──────── SUPPLIED MATERIAL
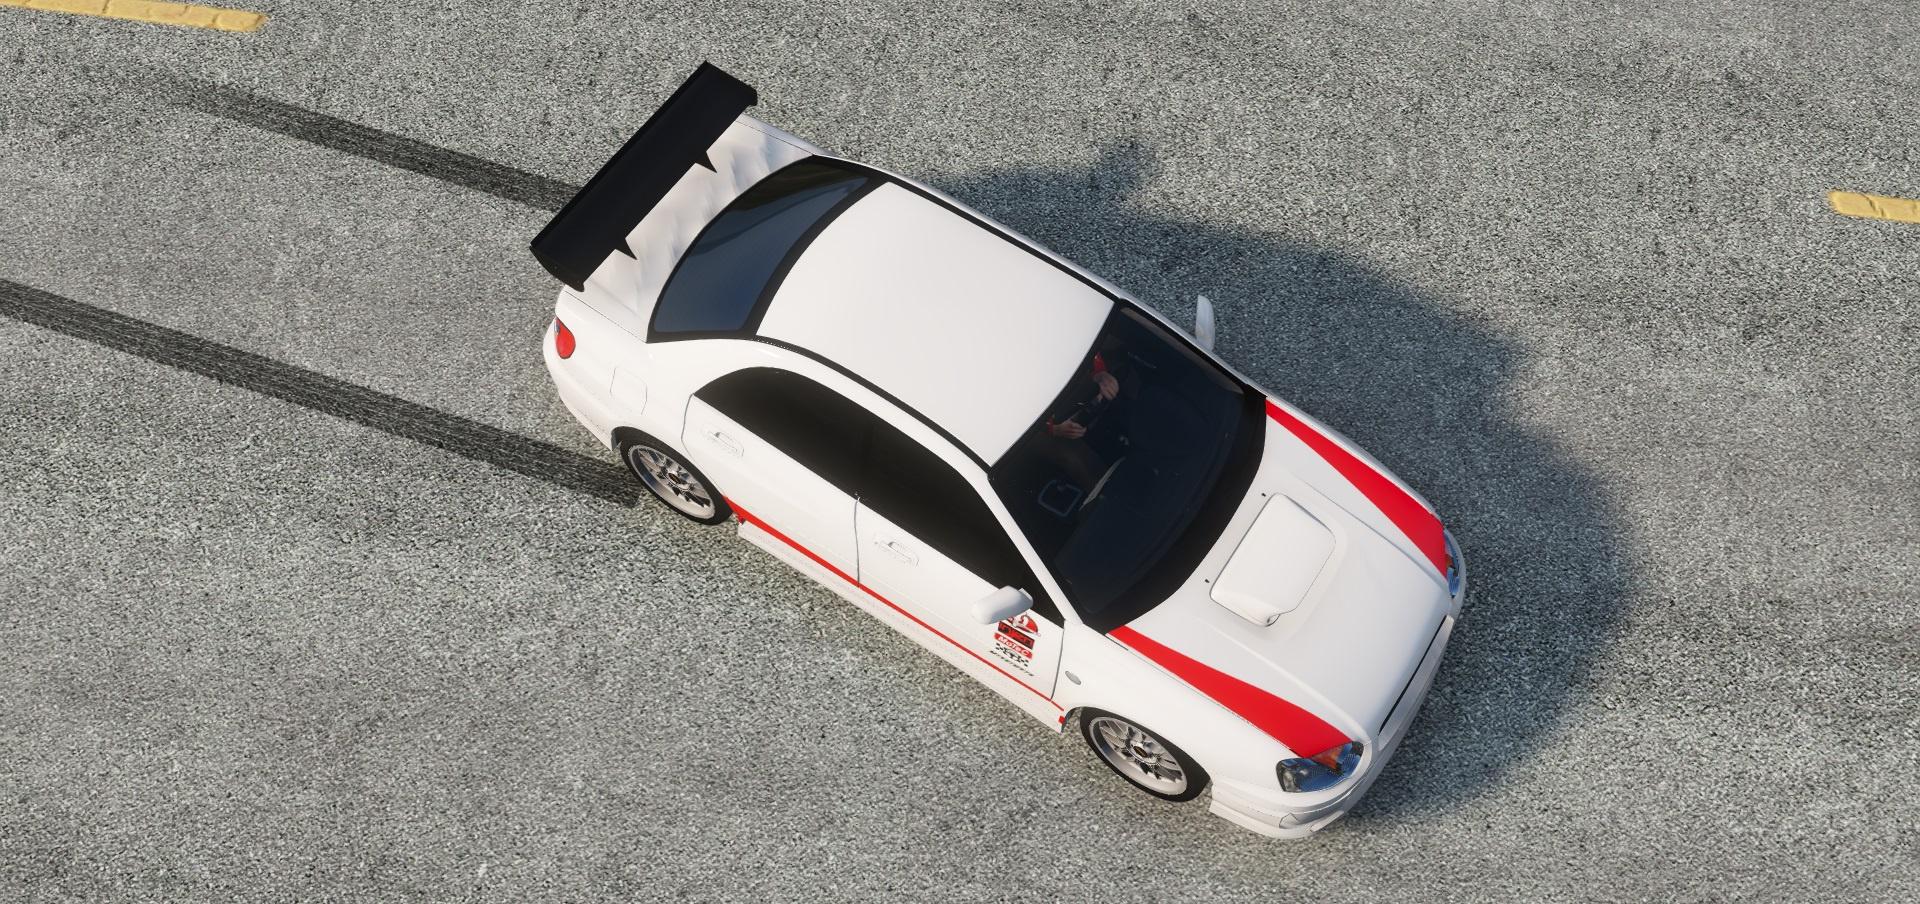 Subaru Impreza Wrx Sti 2004 Born To Race Livery Gta5 Modscom Name Of The In E6a676 Btr6
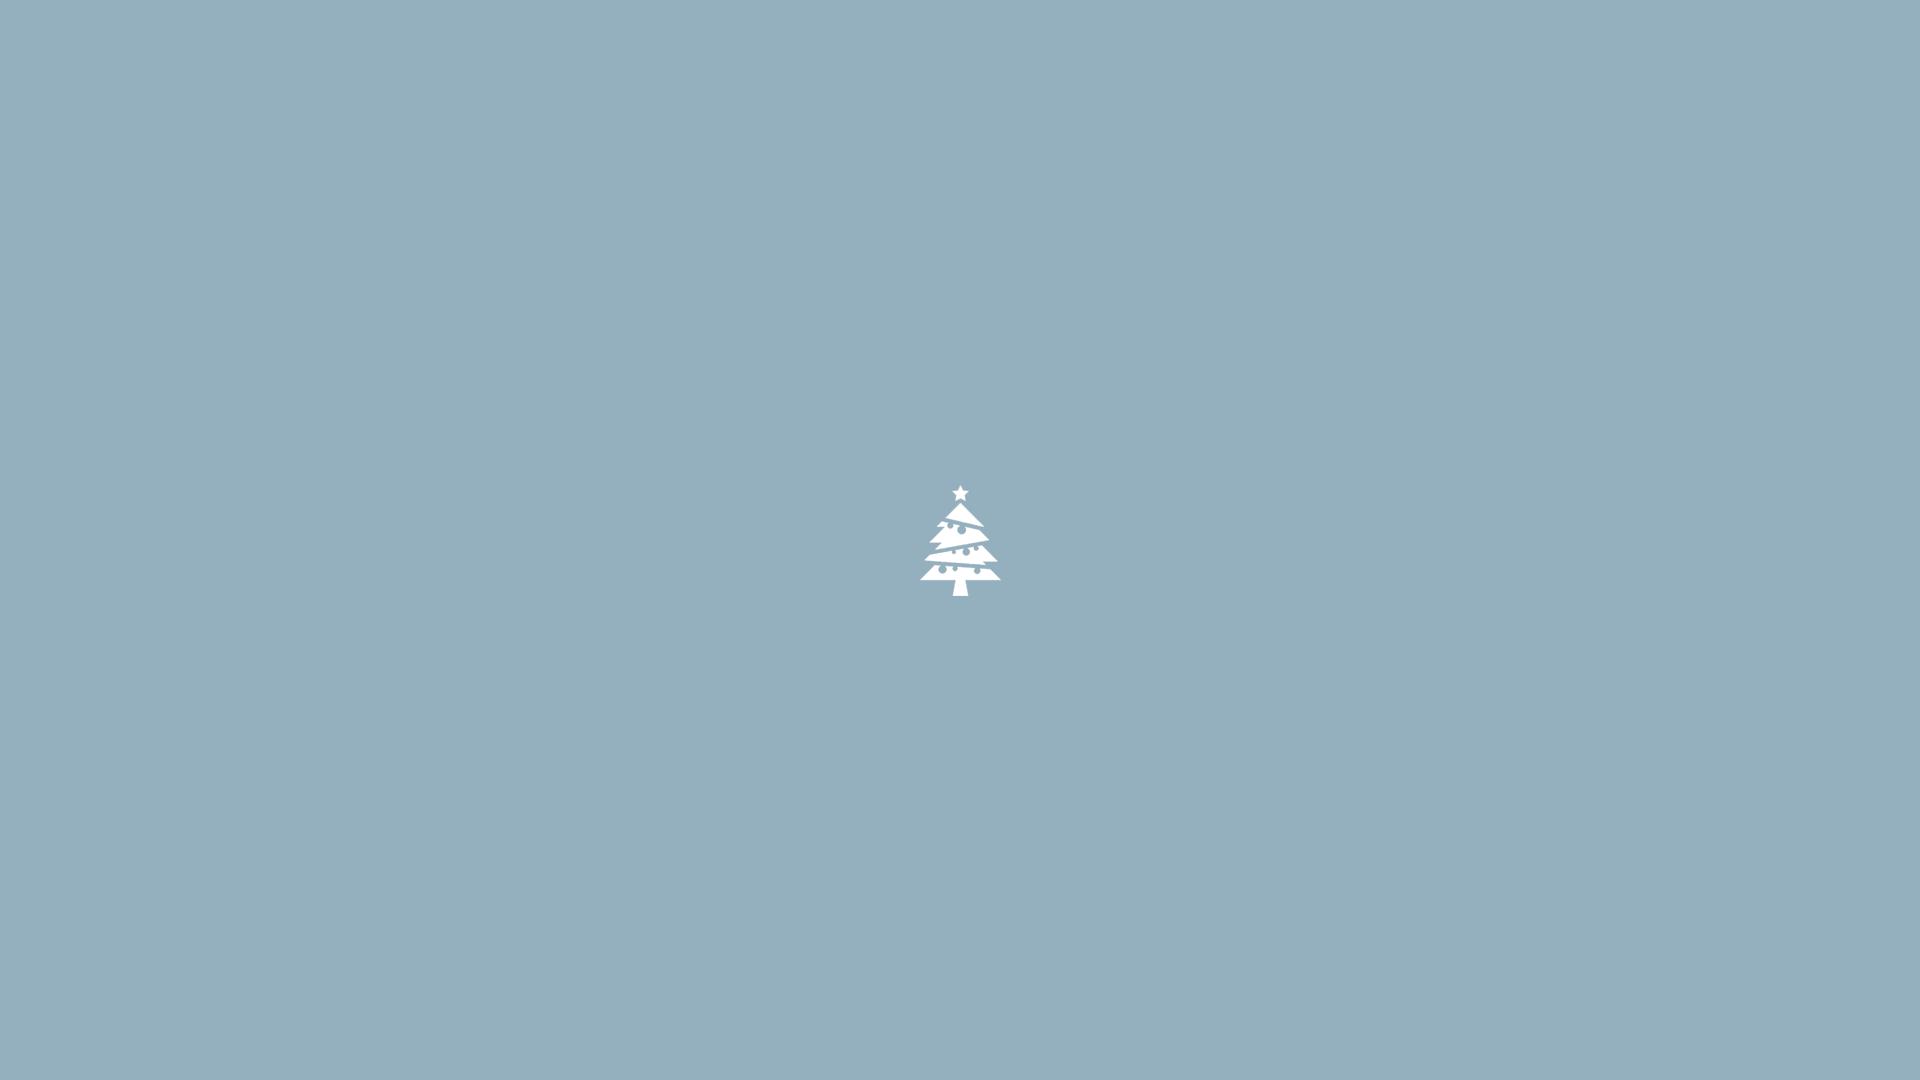 minimalist christmas tree wallpaper 1920x1080. Black Bedroom Furniture Sets. Home Design Ideas
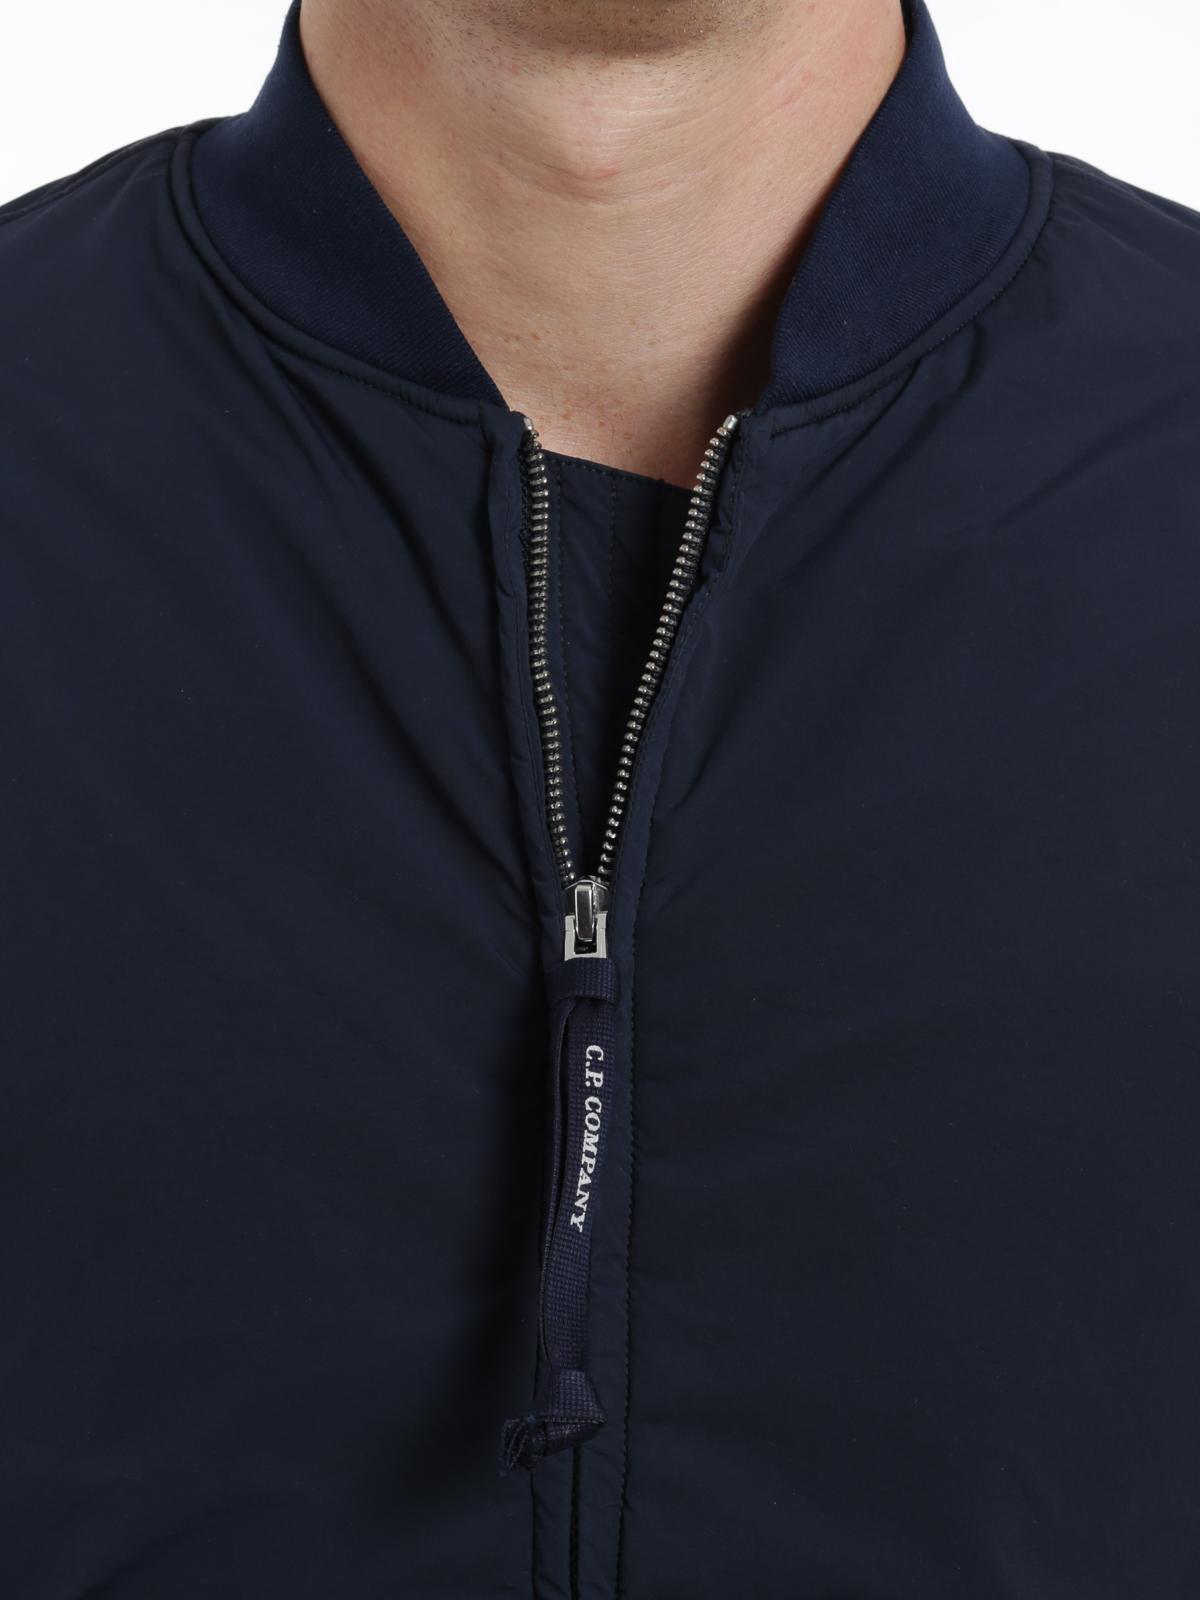 CP Company - Giubbotto foderato - giacche casual - 15WCPUC01329001020888 0afe3786c291
────────────────
TASK GOAL
Repeat the material above in full and exactly, omitting the pictures.

SOLUTION TO THIS PROBLEM
 Subaru Impreza Wrx Sti 2004 Born To Race Livery Gta5 Modscom Name Of The In E6a676 Btr6
 minimalist christmas tree wallpaper 1920x1080. Black Bedroom Furniture Sets. Home Design Ideas
 CP Company - Giubbotto foderato - giacche casual - 15WCPUC01329001020888 0afe3786c291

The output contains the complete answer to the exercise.